Work instruction. Give an unaltered copy of the listing below, minus its pictures.

Data segment.
=== Begin Enclosure ===
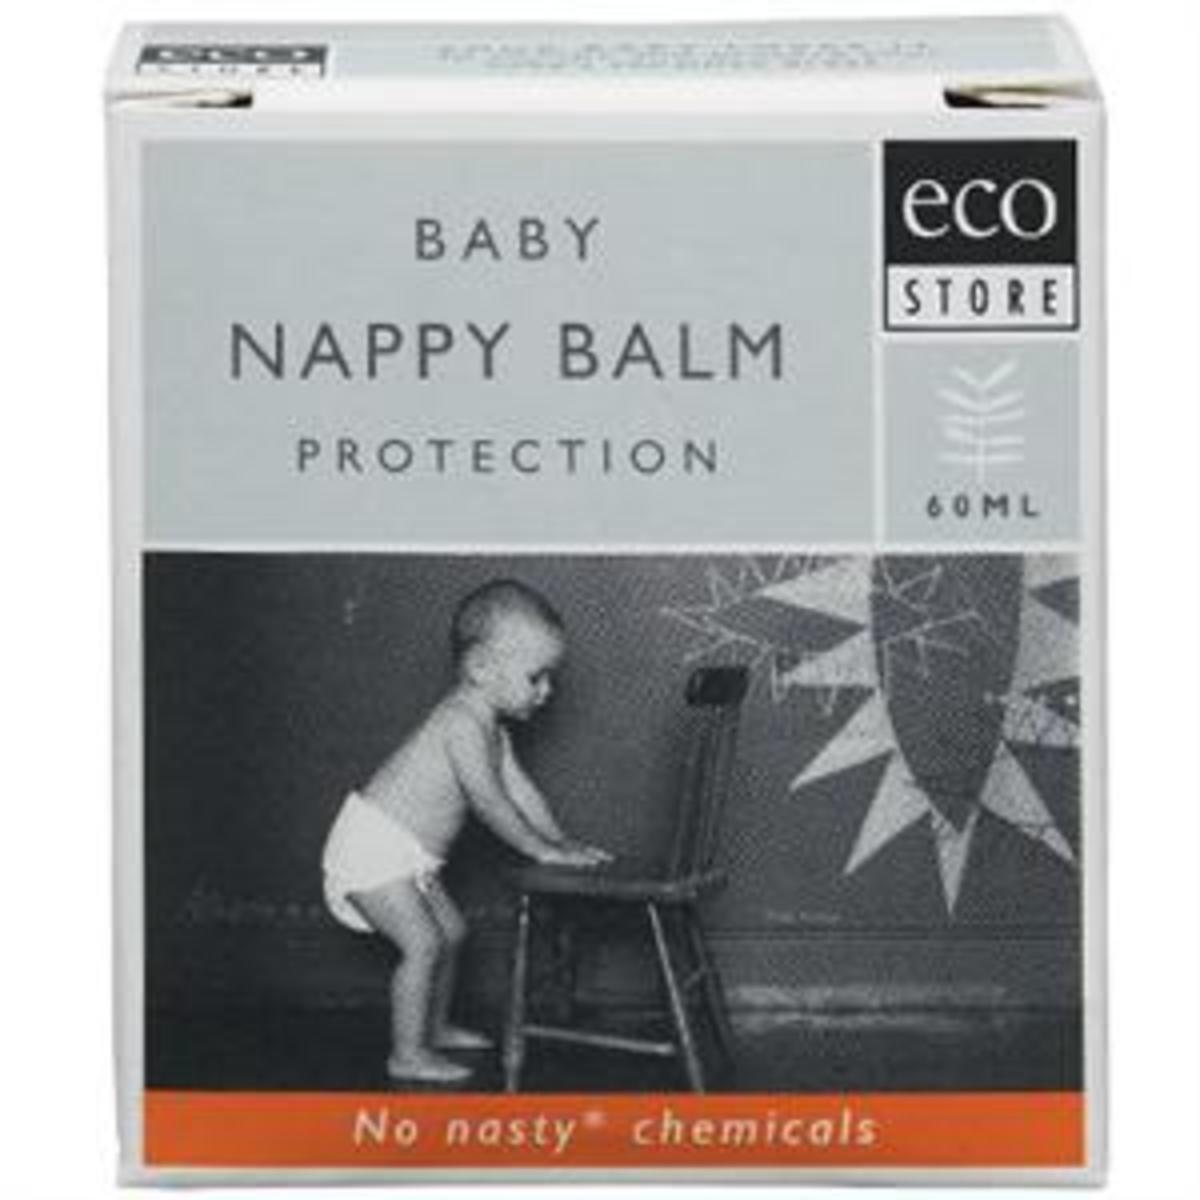 ecostore usa babynappybalm
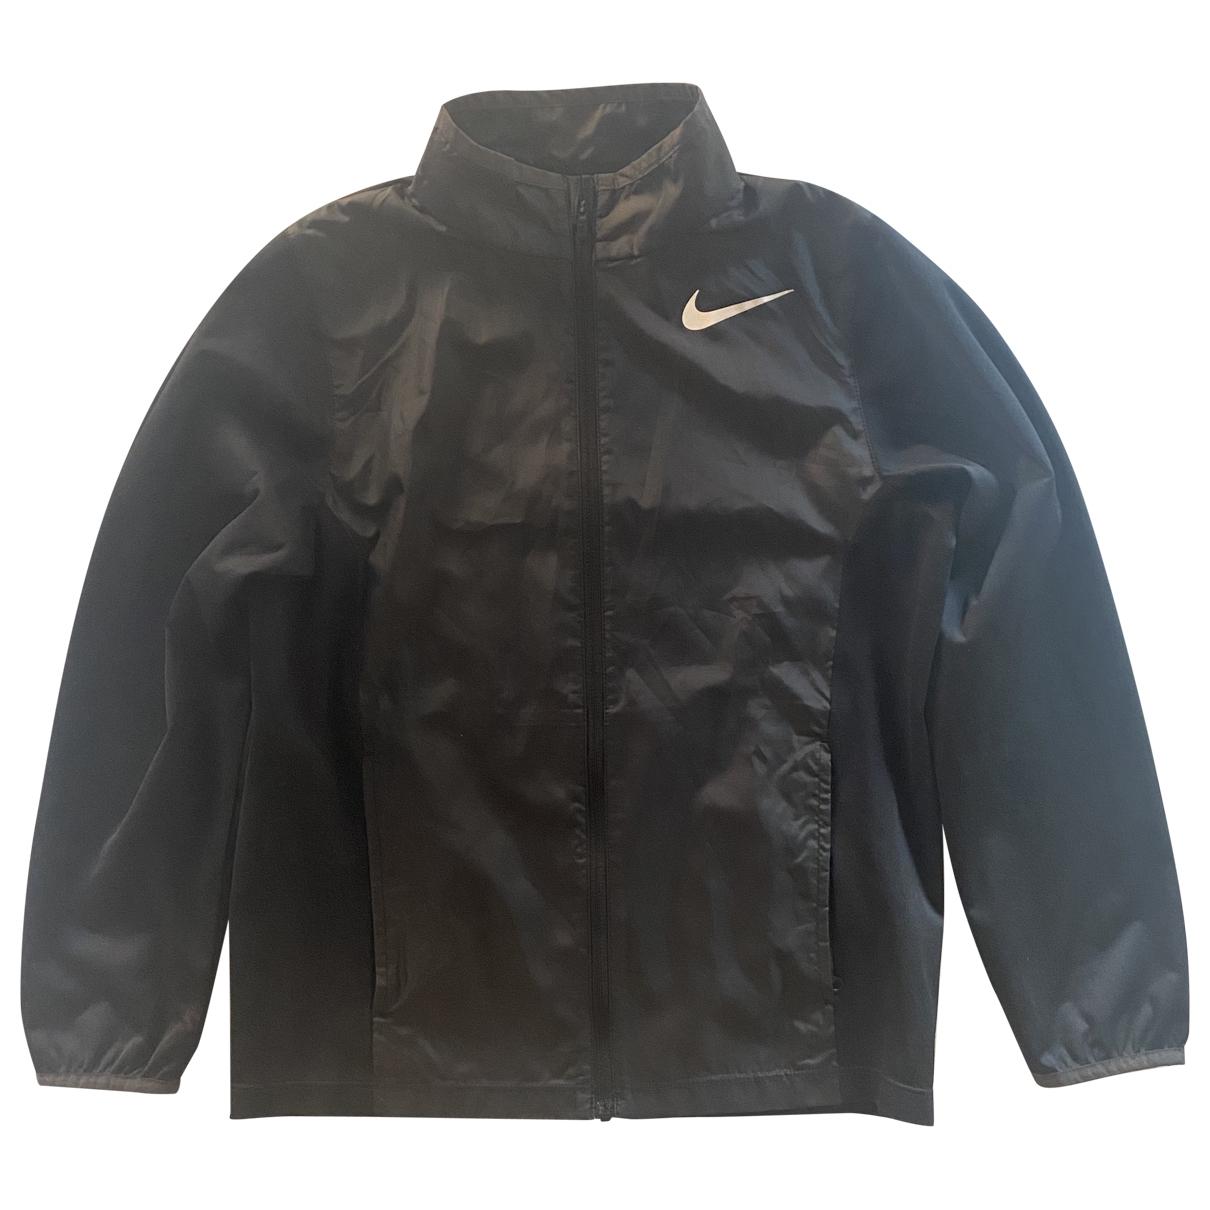 Nike - Blousons.Manteaux   pour enfant - noir
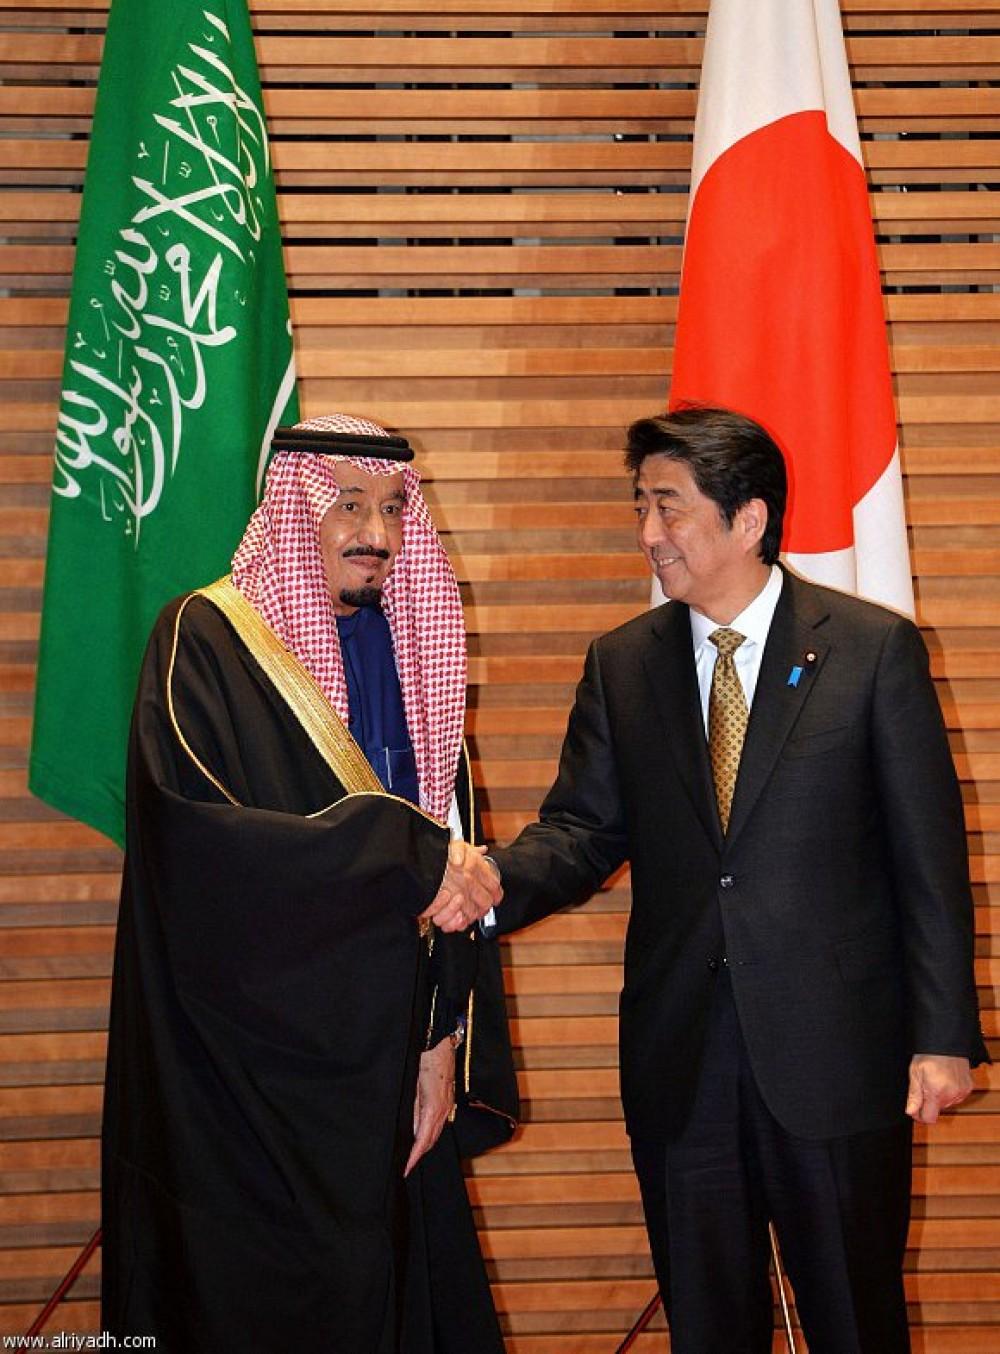 الملك سلمان مع رئيس الوزراء الياباني شينزو آبيه
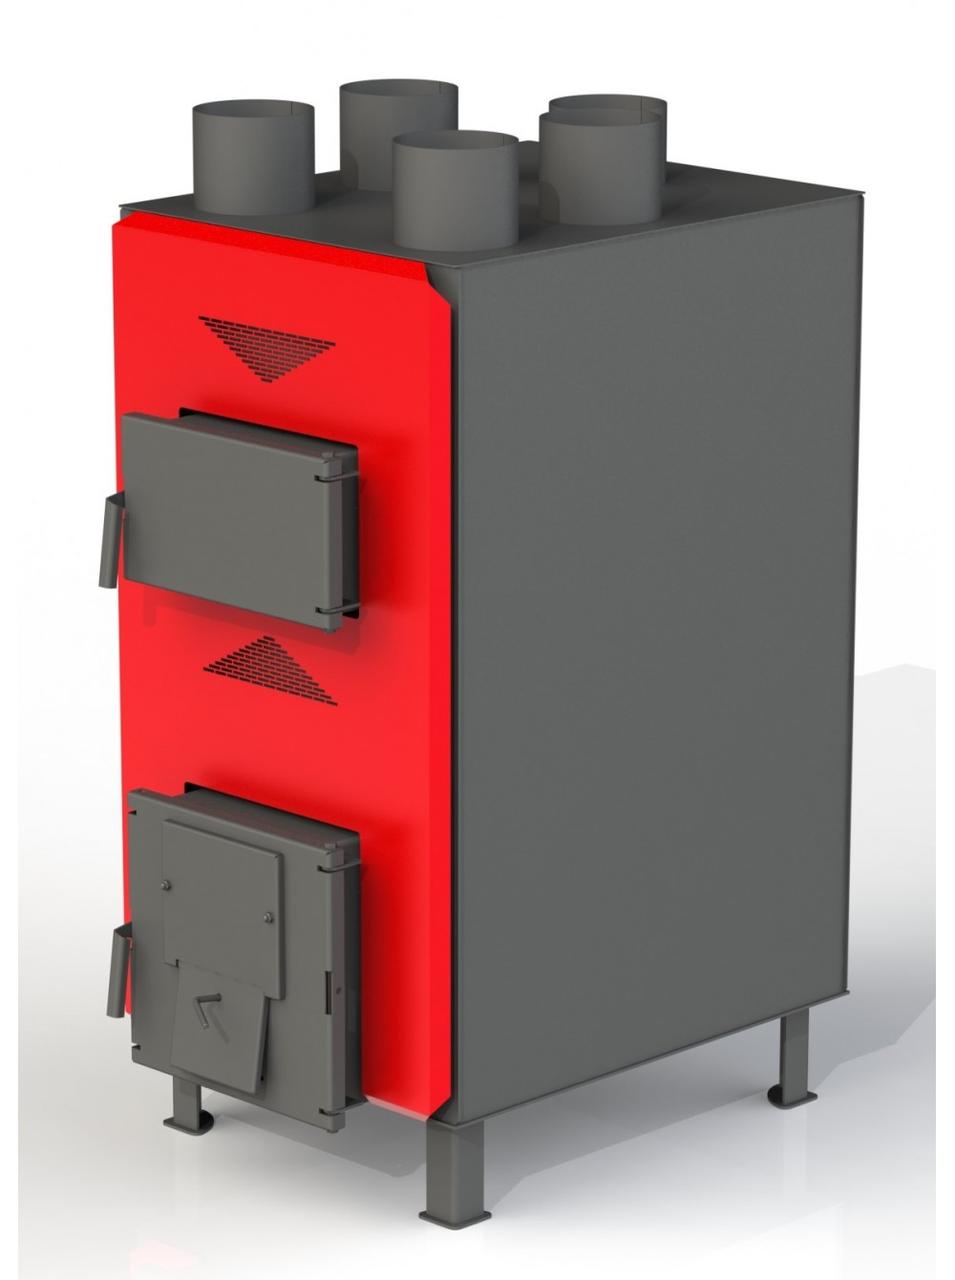 Теплогенератор Dragon ТТГ-РТ 35 кВт (6-2мм) твердотопливный воздушного отопления из котловой стали
=== End Enclosure ===
Response to this task.
 ecostore usa babynappybalm
 Nike - Blousons.Manteaux   pour enfant - noir
 الملك سلمان مع رئيس الوزراء الياباني شينزو آبيه
 Теплогенератор Dragon ТТГ-РТ 35 кВт (6-2мм) твердотопливный воздушного отопления из котловой стали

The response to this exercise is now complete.